Metadata-Version: 2.3
Name: google-news-api
Version: 0.0.5
Summary: 
Author: Paolo Mazza
Author-email: mazzapaolo2019@gmail.com
Requires-Python: >=3.9
Classifier: Programming Language :: Python :: 3
Classifier: Programming Language :: Python :: 3.9
Classifier: Programming Language :: Python :: 3.10
Classifier: Programming Language :: Python :: 3.11
Classifier: Programming Language :: Python :: 3.12
Classifier: Programming Language :: Python :: 3.13
Requires-Dist: feedparser (>=6.0.11,<7.0.0)
Requires-Dist: httpx (>=0.28.1,<0.29.0)
Requires-Dist: selectolax (>=0.3.29,<0.4.0)
Requires-Dist: tqdm (>=4.67.1,<5.0.0)
Description-Content-Type: text/markdown

# Google News API Client

[![PyPI Downloads](https://static.pepy.tech/badge/google-news-api)](https://pepy.tech/projects/google-news-api)
[![Python Version](https://img.shields.io/badge/python-3.9%2B-blue)](https://www.python.org/downloads/)
[![PyPI Version](https://img.shields.io/pypi/v/google-news-api)](https://pypi.org/project/google-news-api/)

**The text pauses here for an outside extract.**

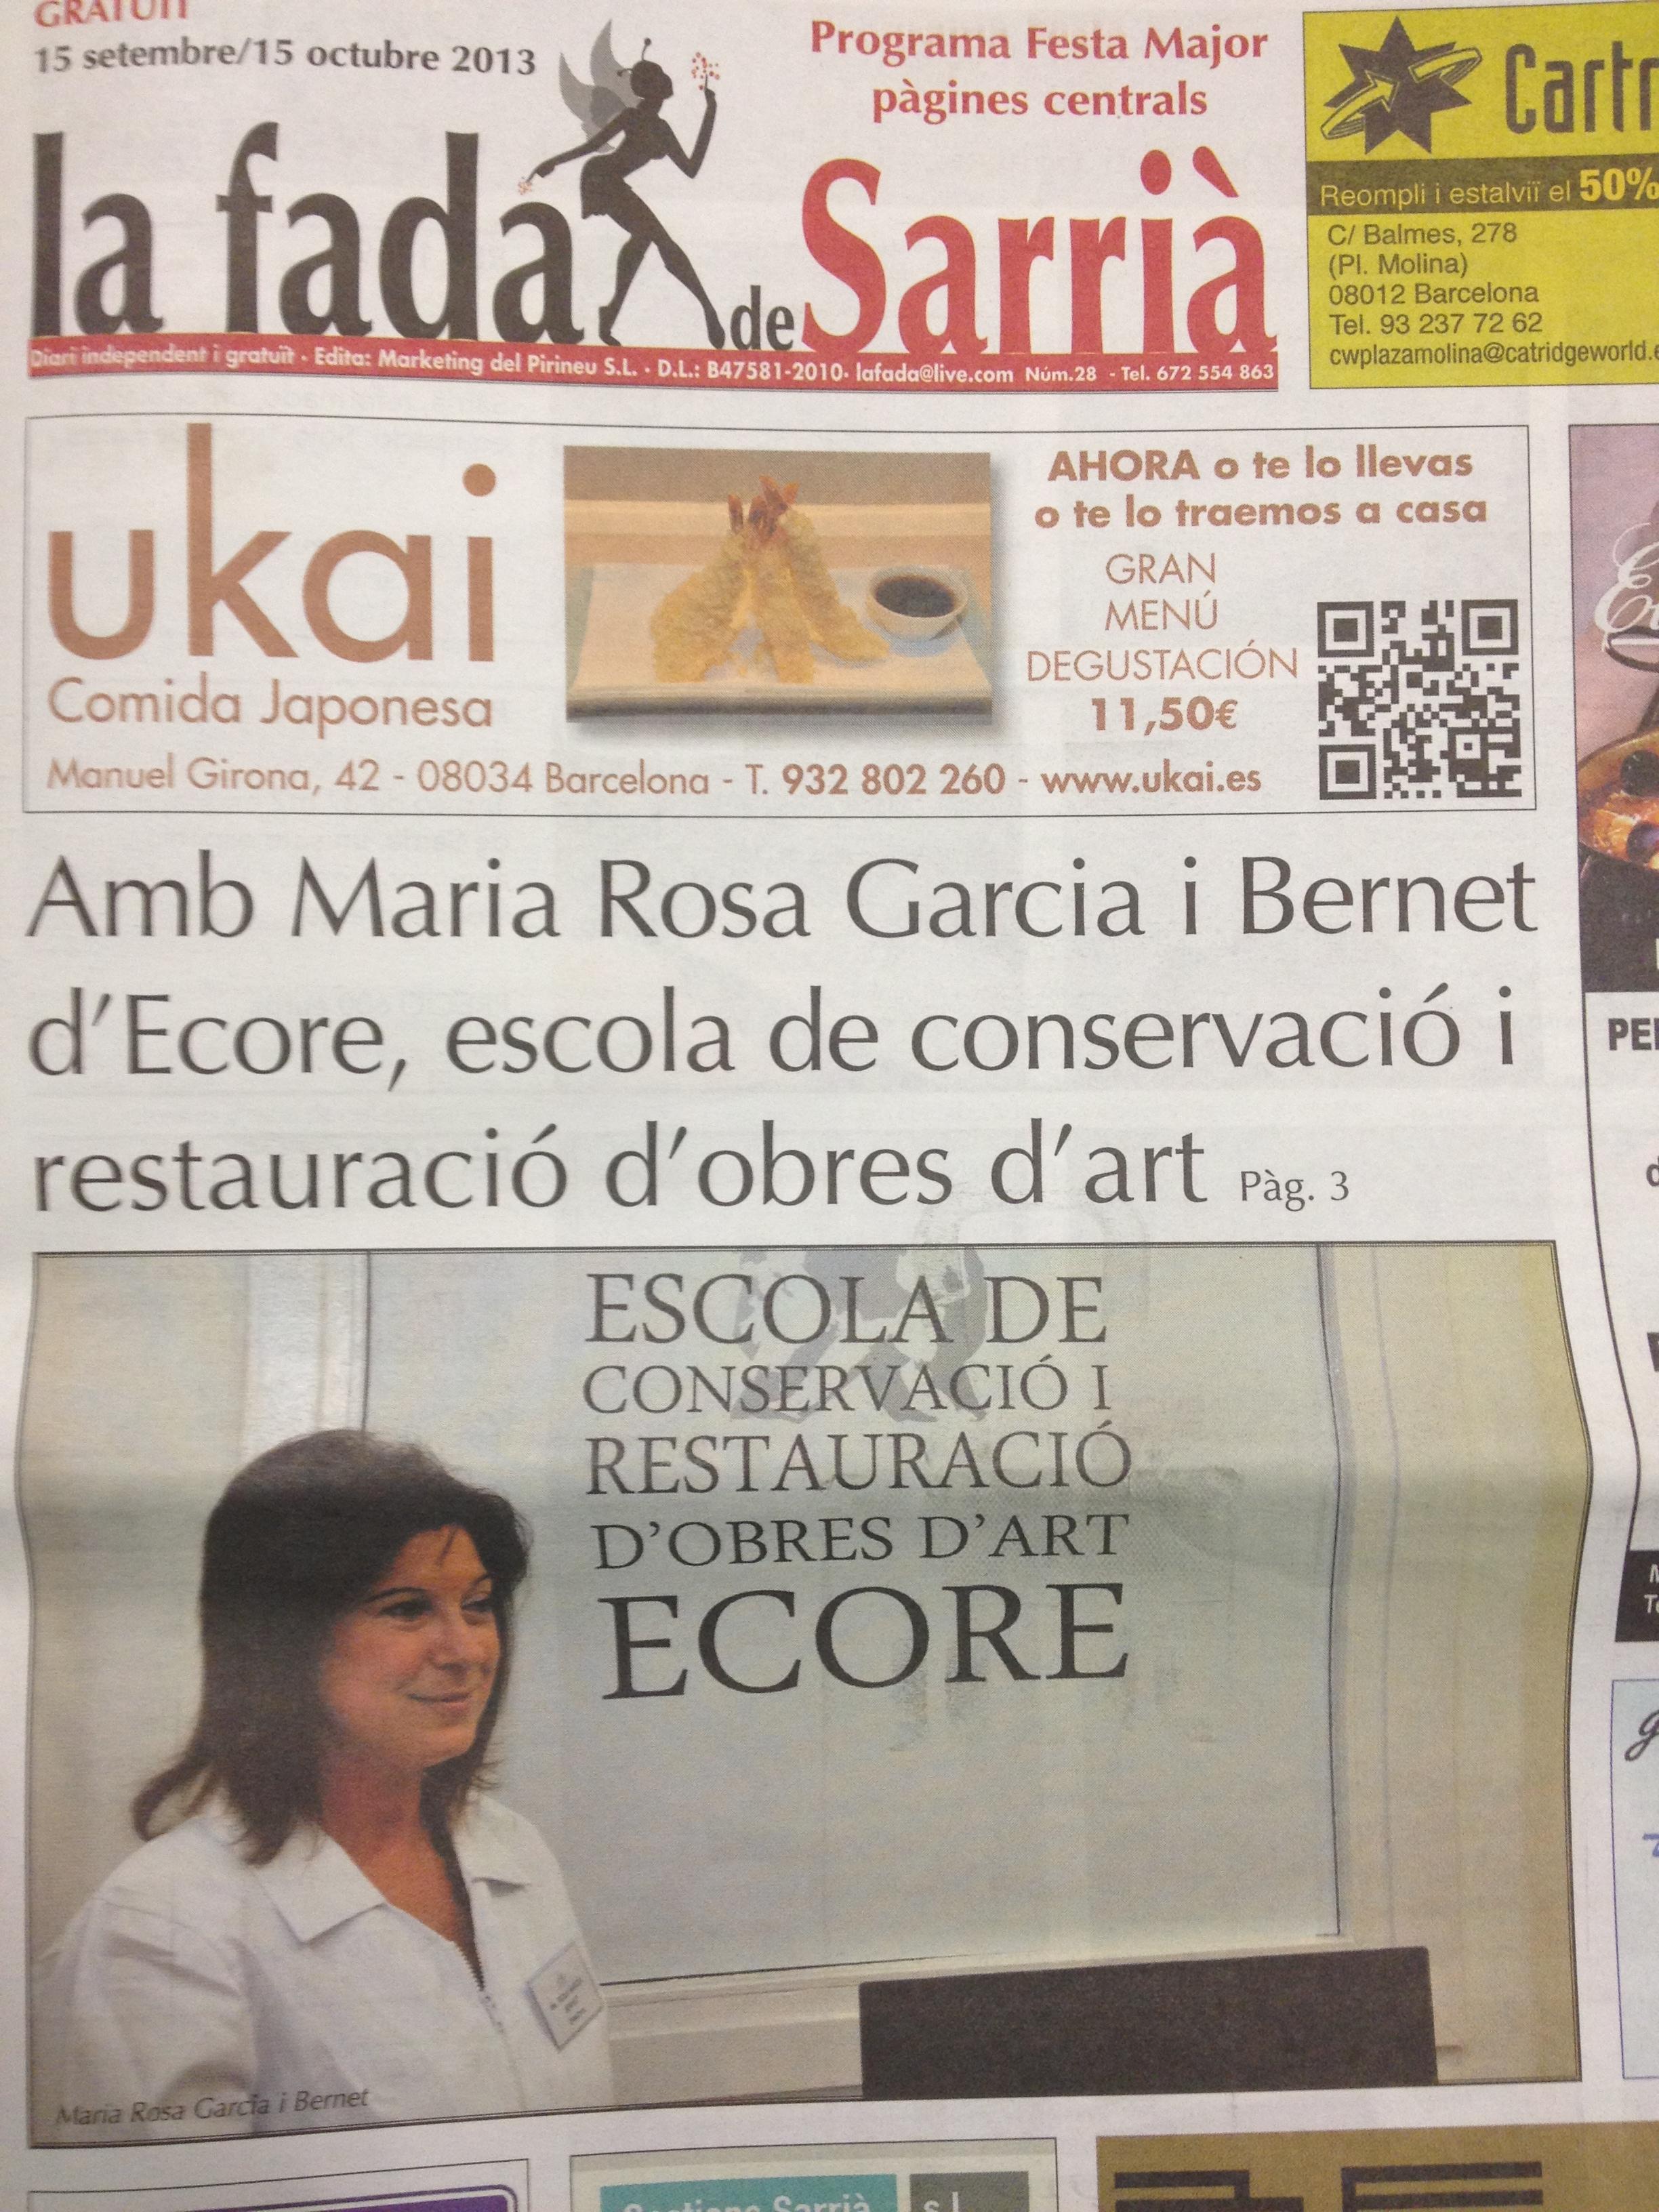 En el número de septiembre de la revista La Fada de Sarrià, podéis encontrar la entrevista realizada a la directora de Ecore, Ma. Rosa García Bernet. Aquí tenéis el enlace […]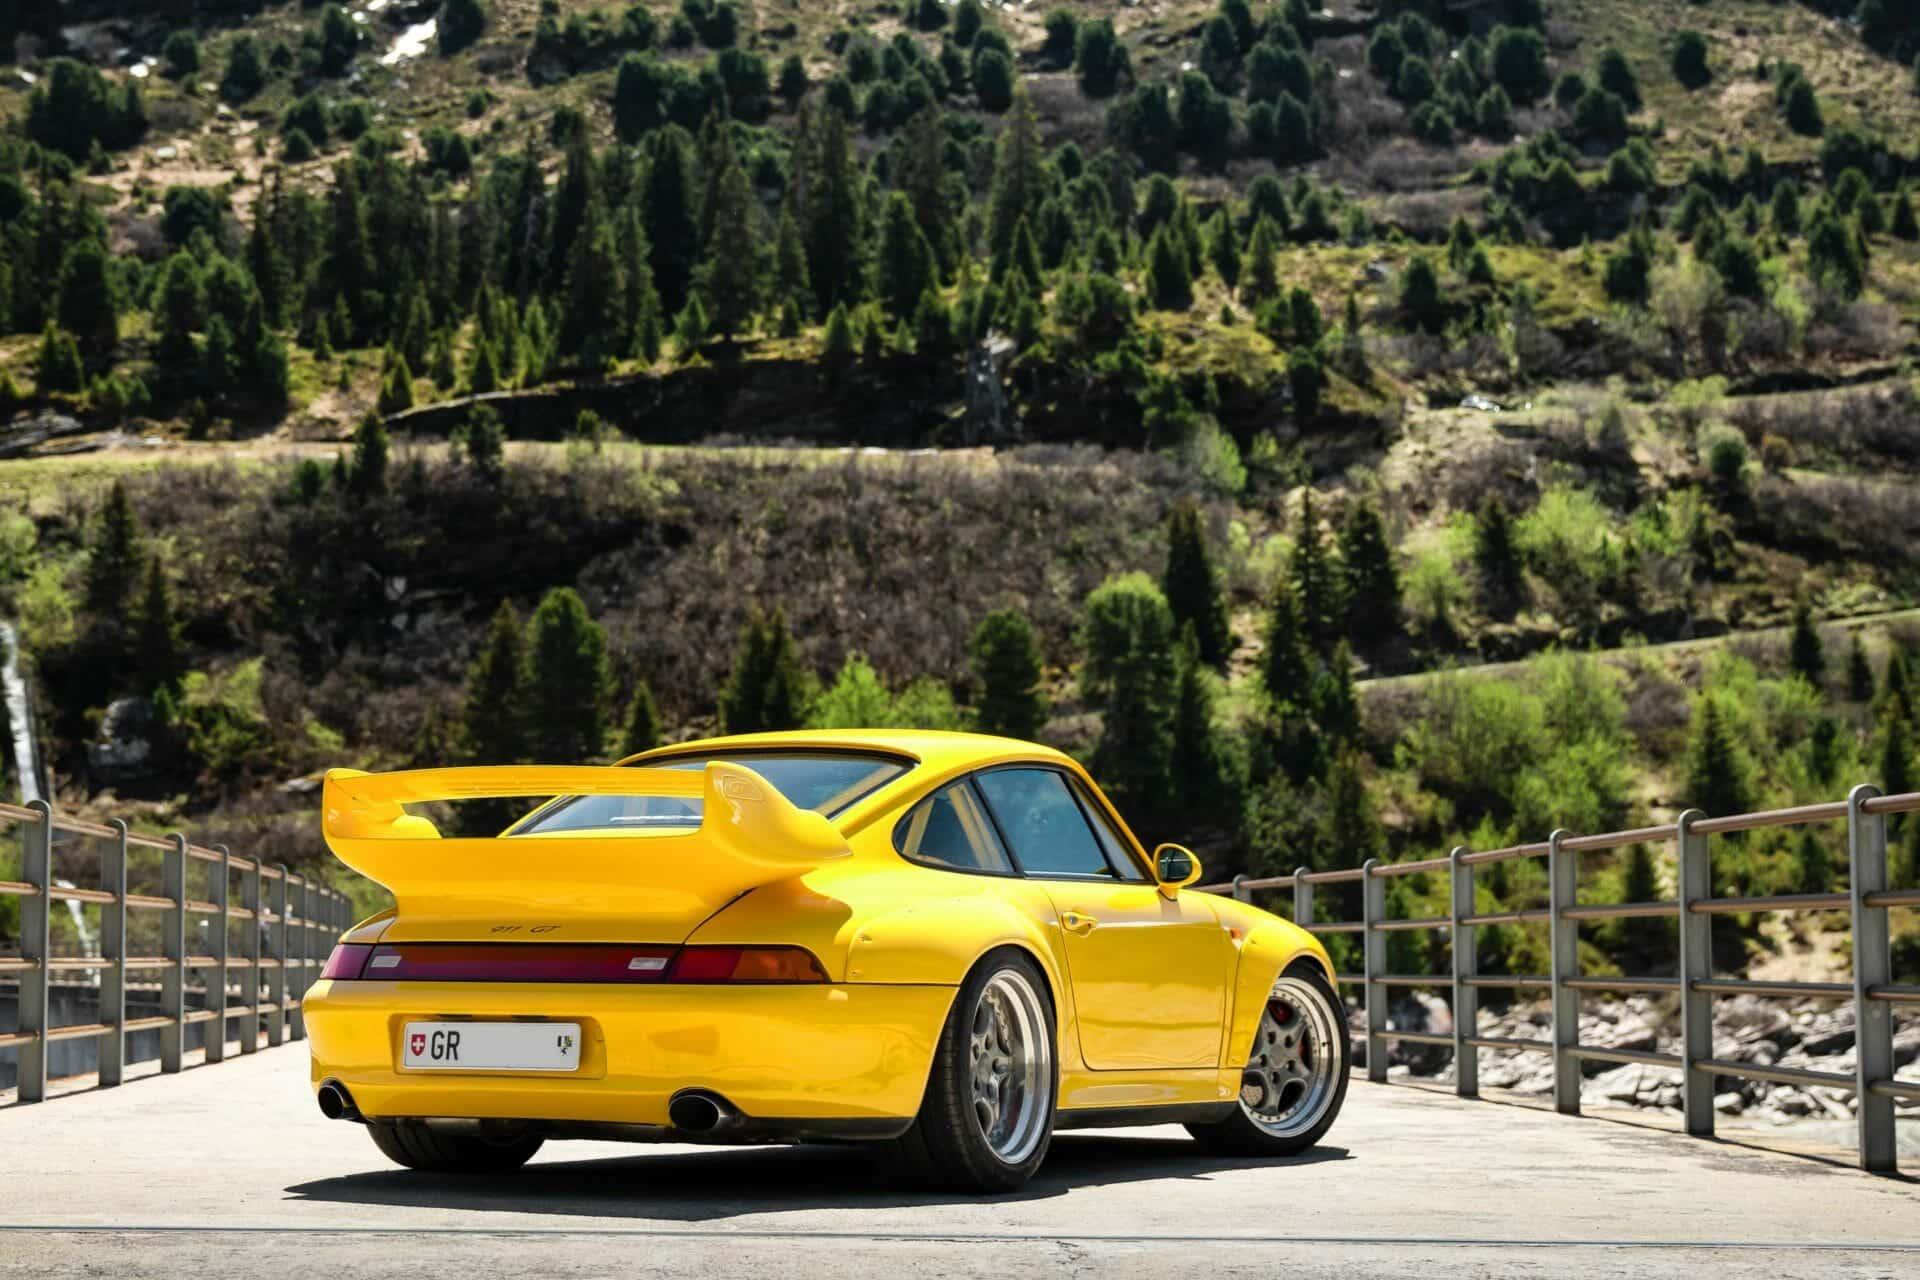 Porsche 993 GT2 Clubsport - Picture 3

A robust Python client library for the Google News RSS feed API that provides both synchronous and asynchronous implementations with built-in rate limiting, caching, and error handling.

## Features

- ✨ Comprehensive news search and retrieval functionality
  - Search by keywords with advanced filtering
  - Get top news by topic (WORLD, NATION, BUSINESS, TECHNOLOGY, etc.)
  - Batch search support for multiple queries
  - URL decoding for original article sources
- 🔄 Both synchronous and asynchronous APIs
  - `GoogleNewsClient` for synchronous operations
  - `AsyncGoogleNewsClient` for async/await support
- 🕒 Advanced time-based search capabilities
  - Date range filtering (after/before)
  - Relative time filtering (e.g., "1h", "24h", "7d")
  - Maximum 100 results for date-based searches
- 🚀 High performance features
  - In-memory caching with configurable TTL
  - Built-in rate limiting with token bucket algorithm
  - Automatic retries with exponential backoff
  - Concurrent batch searches in async mode
- 🌍 Multi-language and country support
  - ISO 639-1 language codes (e.g., "en", "fr", "de")
  - ISO 3166-1 country codes (e.g., "US", "GB", "DE")
  - Language-country combinations (e.g., "en-US", "fr-FR")
- 🛡️ Robust error handling
  - Specific exceptions for different error scenarios
  - Detailed error messages with context
  - Graceful fallbacks and retries
- 📦 Modern Python packaging with Poetry

## Requirements

- Python 3.9 or higher
- Poetry (recommended for installation)

## Installation

### Using Poetry (recommended)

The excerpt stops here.